Ainsi, malgré leurs ambitions propres et leurs des­seins parfois très hostiles au « petit corse », malgré leur désir de se substituer à lui, le lendemain de sa défaite ou de sa mort toujours possibles, l’intelligence totali­sante de Fouché, le savoir perspicace de Cambacérès, les théories de Sieyès, le pragmatisme sardonique de Talleyrand amalgamés avec l’esprit assimilateur du Premier Consul formèrent, en quelque sorte, le métal qui ressouda toutes les parties de la nation, consolidée, retrempée, calibrée, marquée du profil corse, elle fut bientôt la puissance capable de mettre sur l’Europe la formidable emprise de Tilsit.

Au printemps de 1801, une fois les troupes napoli­taines chassées des États Pontificaux, Murat était revenu à Florence avec l’ambassadeur du tzar Paul Ier de qui la médiation, alors, facilitait aux Bourbons italiens une paix honorable. Bonaparte consentait cette faveur au père d’Alexandre. Pendant un entr’acte, le beau-frère du Premier Consul se dressa dans la loge qu’il occupait au théâtre en compagnie de M. Lavatcheff. Croisant l’un vers l’autre les drapeaux russe et français, le général s’écria :

« Que les deux plus grandes nations de l’Europe restent toujours unies pour la paix du monde et le bonheur général !»

L’assistance prodigua les salves de ses applaudissements. Et le 22 novembre 1801, l’« Exposé de la situation de la République » assura que rien ne devrait plus troubler les relations des deux  grands peuples

« qui ont tant de raisons de s’aimer; qui n’en ont aucune de se craindre ; et que la nature a placés aux deux extrémités de l’Eu­rope pour être le contrepoids du Nord et du Midi ».

De 1801 à 1807, quoi qu’il advienne, Napoléon n’abandonnera pas le grand projet de 1799.

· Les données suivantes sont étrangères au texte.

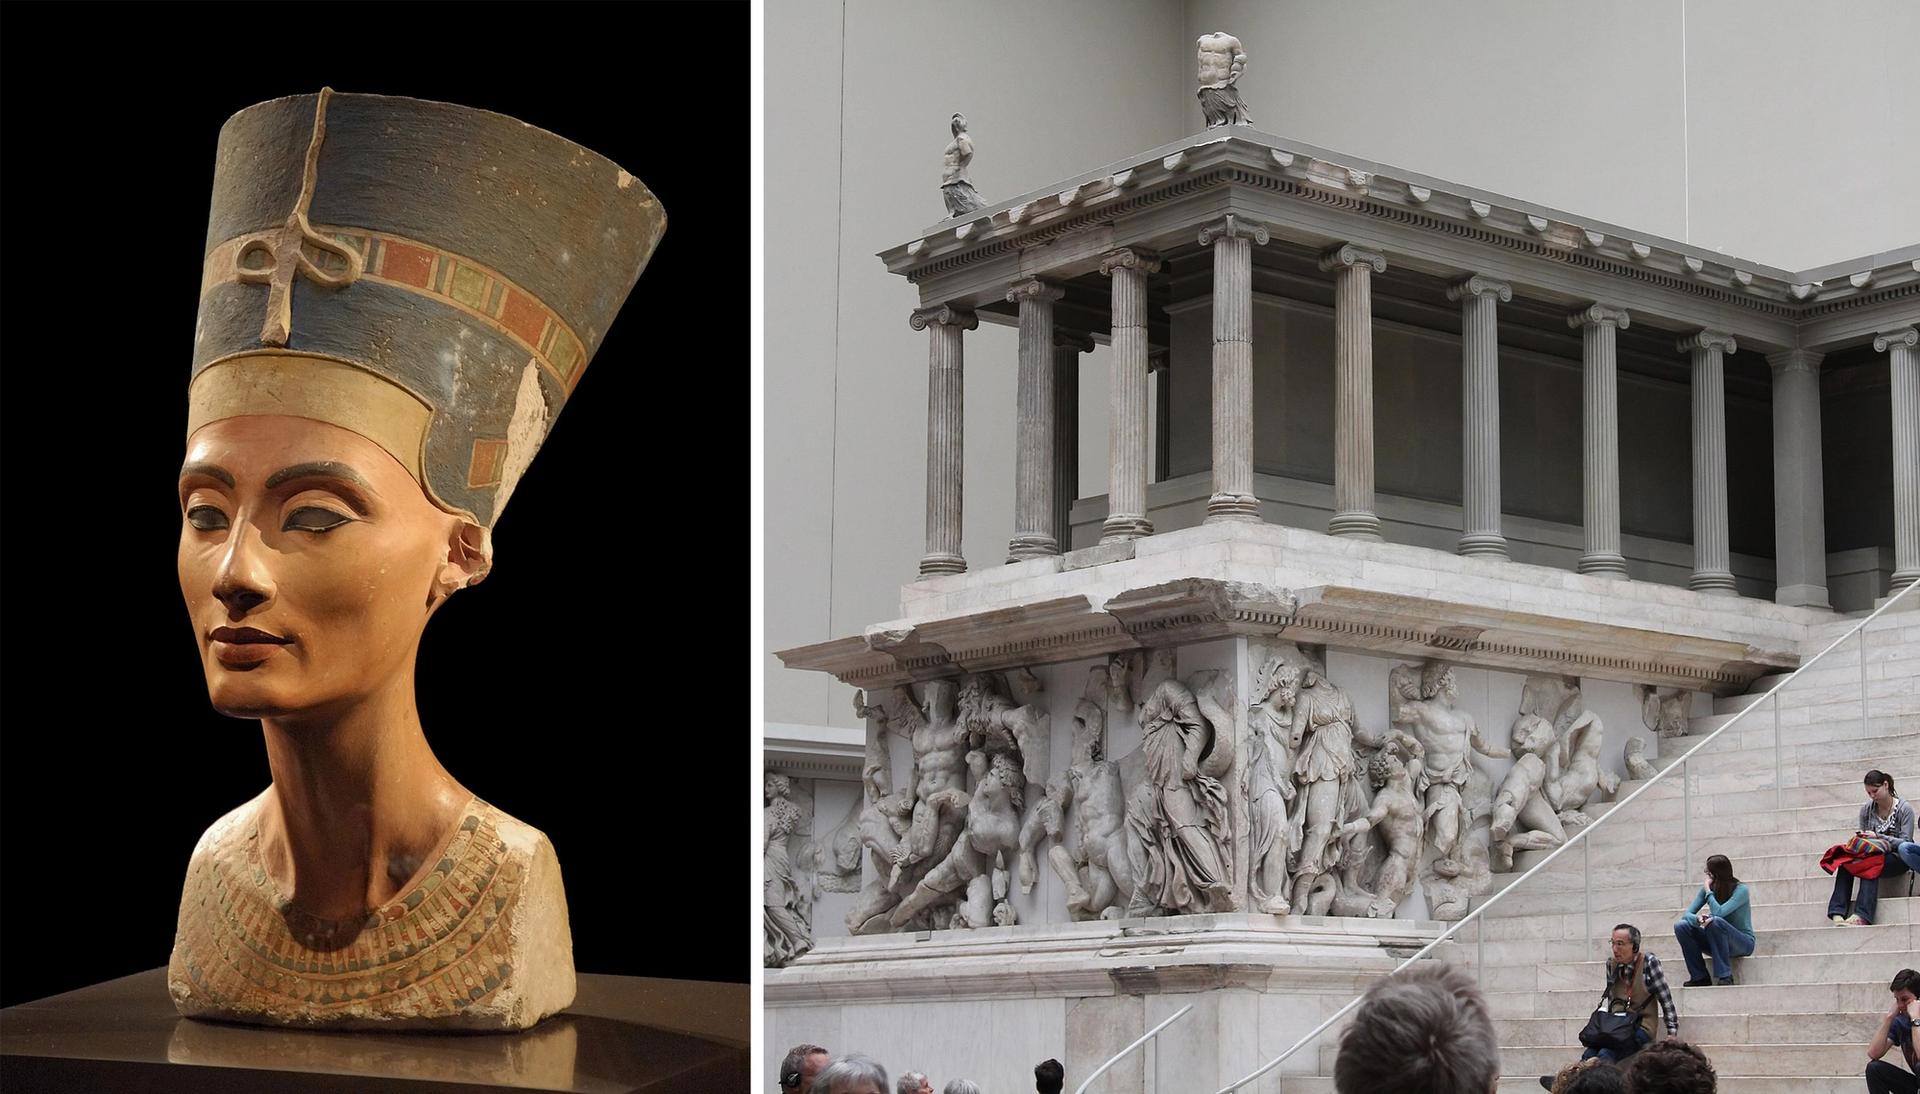 Nefertiti: Philip Pikart; Altar: Tilemahos Efthimiadis

L’expédition d’Egypte, écrit M. Albert Vandal, en soulevant les Turcs contre tous, les avait jetés dans les bras de la Russie. Celle-ci en avait profité pour les soumettre à une alliance despotique, et faire la loi dans leur empire. Elle garantissait seule les principautés roumaines. Elle régnait sur la Mer Noire. Ses vais­seaux passaient devant le sérail. Sa flotte communiquait librement par les Détroits avec la Méditerranée. Dans chaque île de l’Archipel, un consul russe, devenu vice-roi, groupait, autour de ses agents, des milliers de protégés, désignés sous le nom significatif de Gréco-Russes. Des groupes moscovites occupaient Corfou. Leurs agents travaillaient la Morée et l’Albanie. Dominant de toutes parts, la Russie étendait sur l’em­pire des Turcs son ombre grandissante. Elle affectait la politique, qui, en 1837, amena la bataille de Navarin, puis l’indépendance de la Grèce.

Dès 1804, ayant vu ses offres d’alliance repoussées par Alexandre, qui constitua la réserve de la coalition, Napoléon se rapprocha du sultan Selim, afin d’encou­rager certaines velléités de rébellion. Elles eussent attiré en Orient une partie des troupes autrichiennes et moscovites que la coalition destinait à combattre la France. De 1805 à 1807 Talleyrand pensa s’allier les Habsbourg en les aidant à s’approprier une bonne part du territoire ottoman, et à compléter leur géographie politique par la mainmise sur tout le cours du Danube avec l’embouchure.